Wheel rate: force/displacement at wheel center.

This would include the spring rate, motion ratio of spring, parasitic rates of suspension bushings, tire rate etc

Tire rate: force/ displacement of tire at operating load.

All tire manufacturers list a static load radius in their catalog for a specific tire. They will also list that tire’s unloaded diameter. There will also be a chart showing the tire’s maximum load rating. From these numbers the static deflection can easily be calculated and the static rate is maximum_load/deflection. Static loaded radius is the radius at maximum load rating for that tire.

Ride rate: force/displacement at contact patch.

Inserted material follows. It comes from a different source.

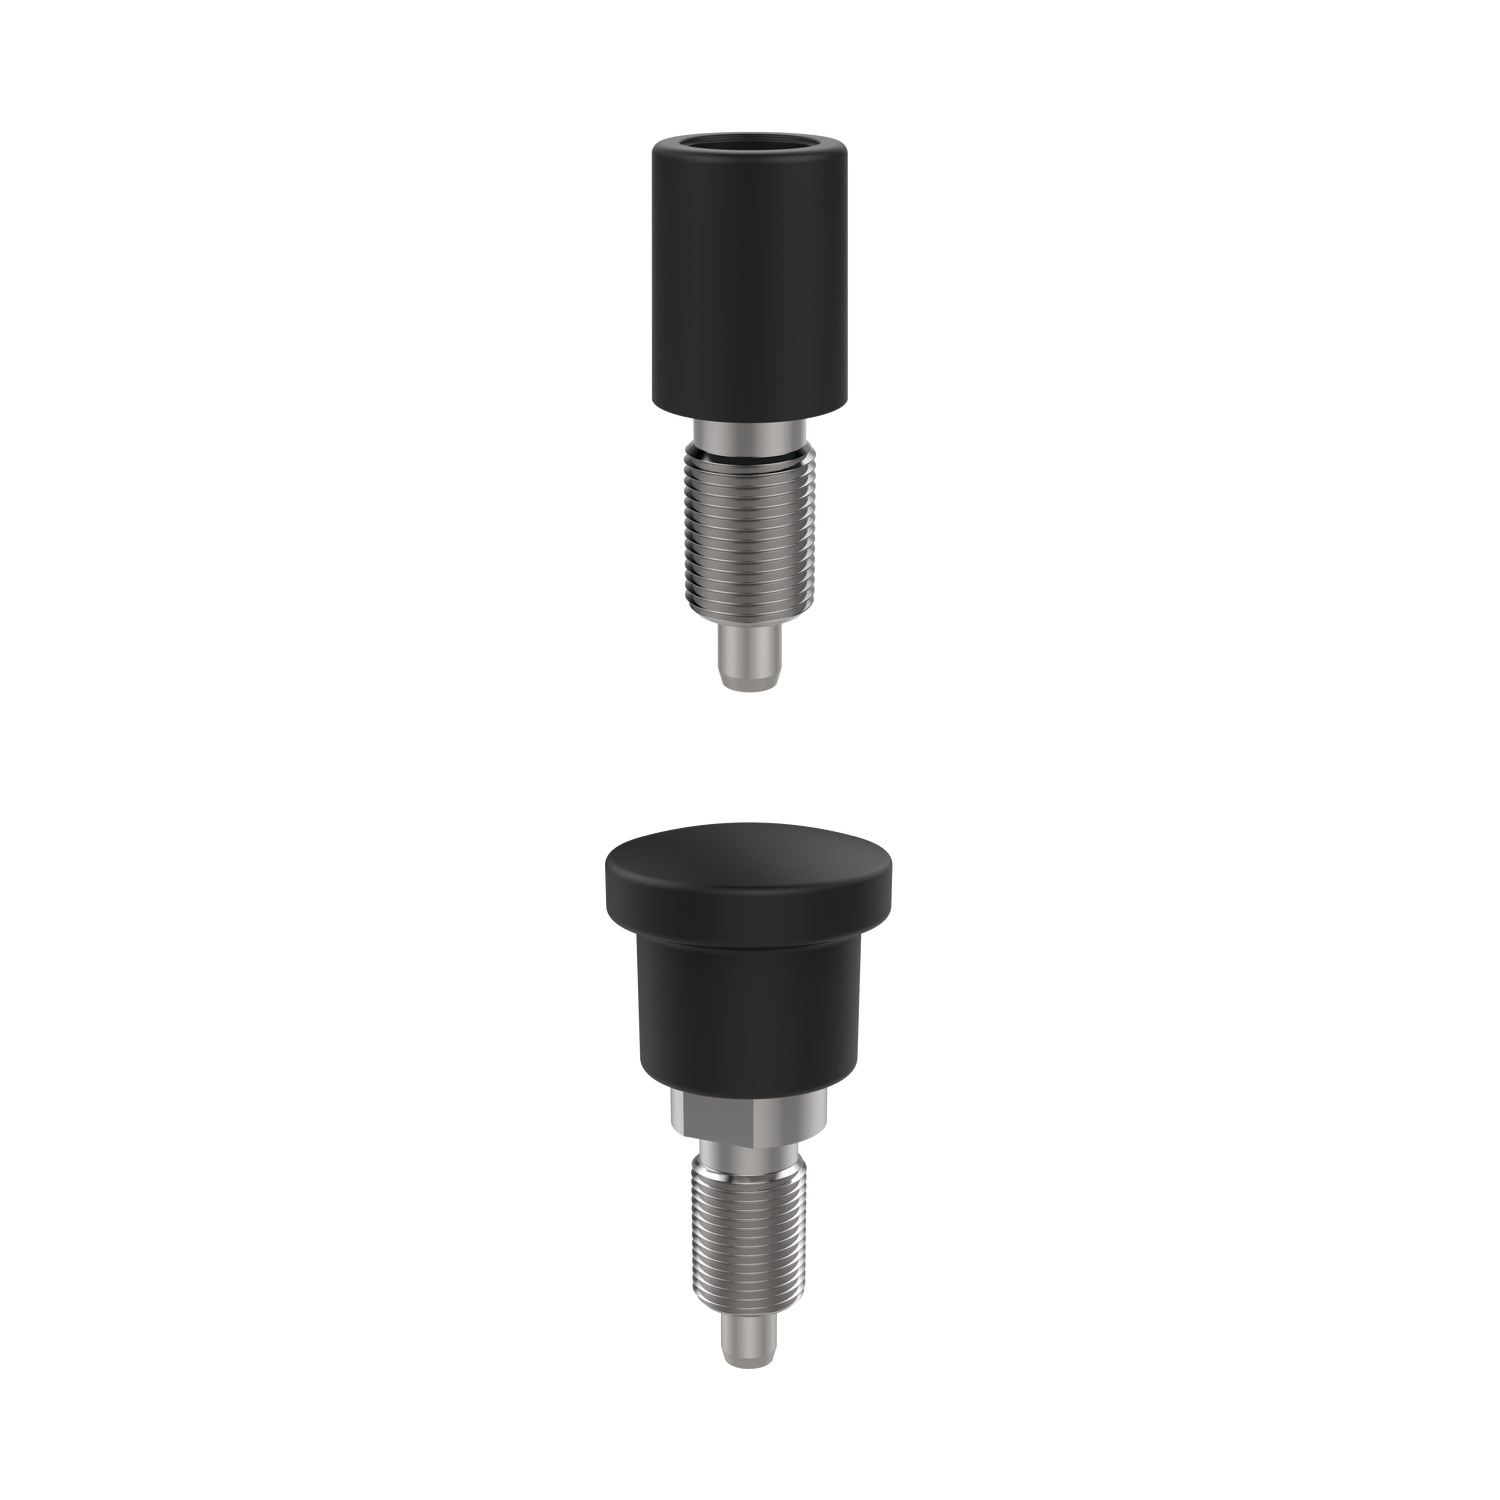 32782.W0358 Safety Index Plunger non-standard - locking pin retracted at start position, Material: Steel

This is equivalent to wheel center rate added to tire rate in series. If the tire is infinitly stiff, this would be equal to wheel center rate.

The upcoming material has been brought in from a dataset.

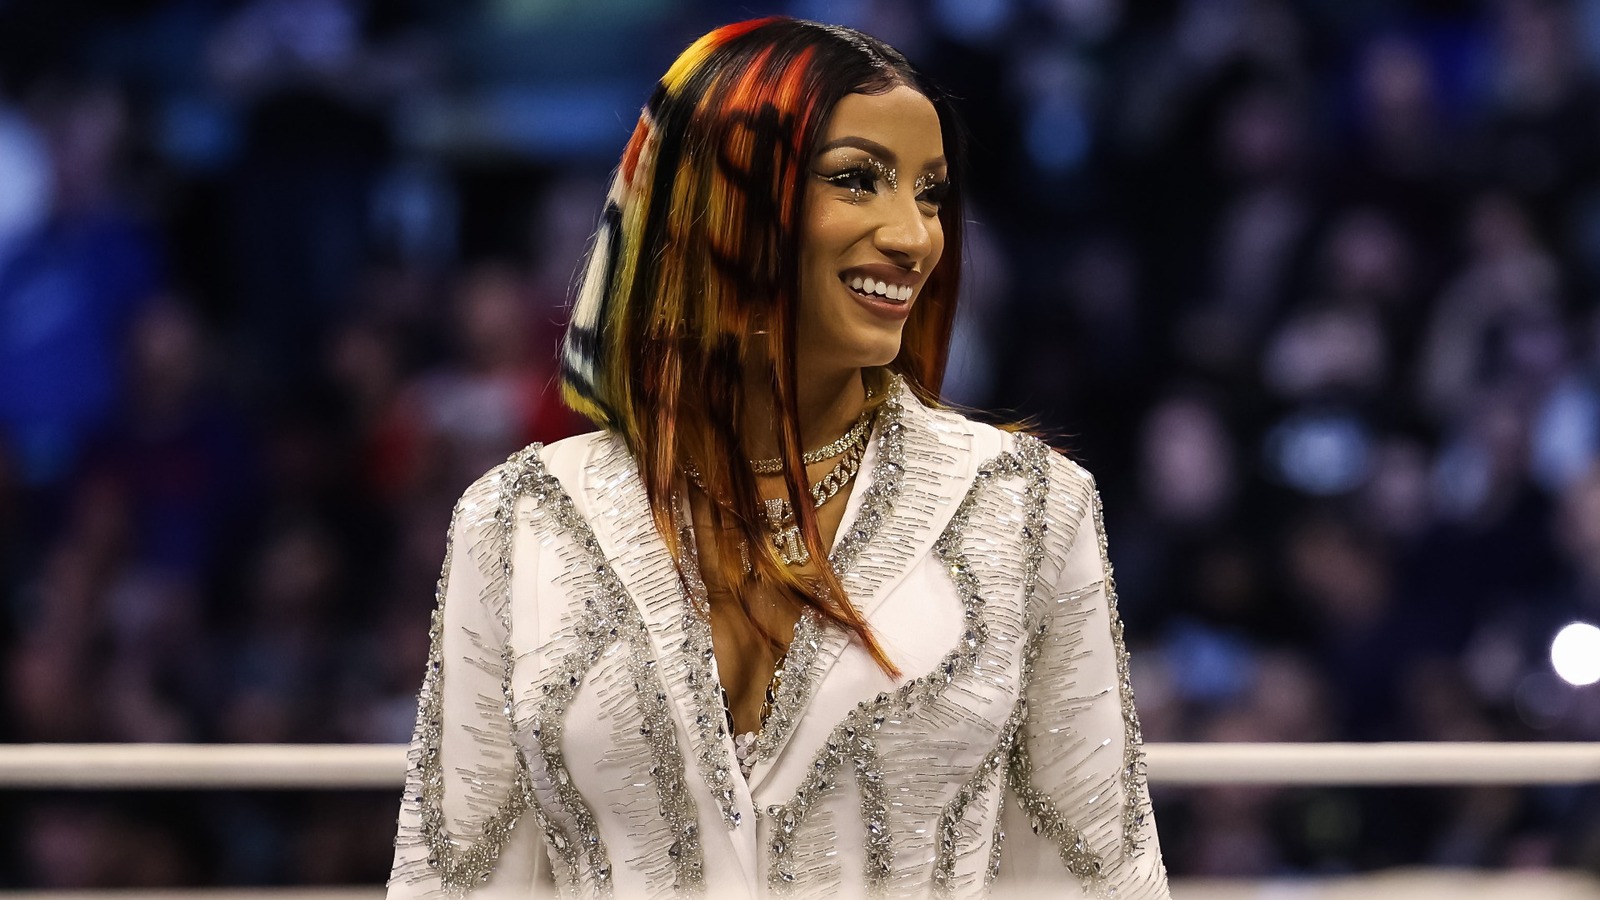 Matt Hardy Explains What He Would've Changed With Mercedes Mone's AEW Debut

Parasitic rate : Rate due to the compliances in suspension. The bushings in the suspension can also provide certain vertical stiffness and needs to be accounted for if you want to arrive at the exact spring rate required.

Wheel Travels : The wheel center displacement at a certain load. When the wheel goes in the bump, it is called jounce travel or when it goes in trough its called rebound travel. The maximum allowed jounce and rebound travels are also design specifications that are considered while designing the suspension.

Ride Height: It is a measure of ground clearance and where the vehicle sits under its own weight in the wheel rate curve.

Ride Frequency: The undamped frequency at which the sprung mass will resonate or bounce is called the ride frequency. This is the same as the sprung natural frequency. Since the front and rear will resonate or bounce at different frequencies, we typically reference a front and rear ride frequency. The reason the front and rear have different ride frequencies is to reduce the pitch of the vehicle over bumps. Also the ratio of front/rear is called frequency ratio. The rear ride frequency is typically higher than the front, so that after encountering a bump, the rear will “catch up” with the front, and the front and rear will move in phase.

Methodology

The process of finding a suitable spring stiffness comprises of following steps:

  1. Ride frequencies and ratio can be used to determine the ride rates with the given sprung mass.
  2. Ride rate from step 1 and the tire rate can give you the wheel rate.
  3. Spring rates then can be determined from the wheel rates with a known motion ratio and parasitic rates.
Half- Car roll dynamics model. Image courtesy: https://www.mdpi.com/2076-3417/7/6/570/htm

It is usually an iterative process where different parameters are varied to arrive at a desired solution. Lower frequencies lead to softer suspension while higher frequencies produce hard suspension. Motion ratio can be used to change spring rate for same wheel rate but is usually constrained by packaging and geometry. Tire rates and bushing parasitics can also be changed by adopting different tires/bushes but they are usually bounded by other design criteria.

Preloads in the spring

Compressing or adding the preload in the spring would mean that the spring would not compress further until that extra force due to preload is overcome. In the wheel rate graph, this just offsets the graph upwards (assuming you have force on y and displacement on x) without changing the wheel/ spring rate.

Half- Car roll dynamics model. Image courtesy: https://www.mdpi.com/2076-3417/7/6/570/htm

Preloads can change the ride height and jounce/rebound wheel travel. Once the total wheel travel required is determined, ride height of the vehicle/ spring preloads can be adjusted to achieve the desired jounce/rebound travel.

Frequency Ratio

There are recommended value for the ride frequencies and their separation in terms of front and rear. It is common to run a spring frequency higher in the rear than the front. The idea is to have the oscillation of the rear suspension catch up with the front as vehicle bounce is less annoying to human perception than the vehicle pitch.

Half- Car roll dynamics model. Image courtesy: https://www.mdpi.com/2076-3417/7/6/570/htm

Since the delay between when the front suspension hits a bump and the rear suspension hits that bump varies according to vehicle speed, the spring frequency increase in the rear also varies with speed.

I guess thats all for now

Written while listening to The Lumineers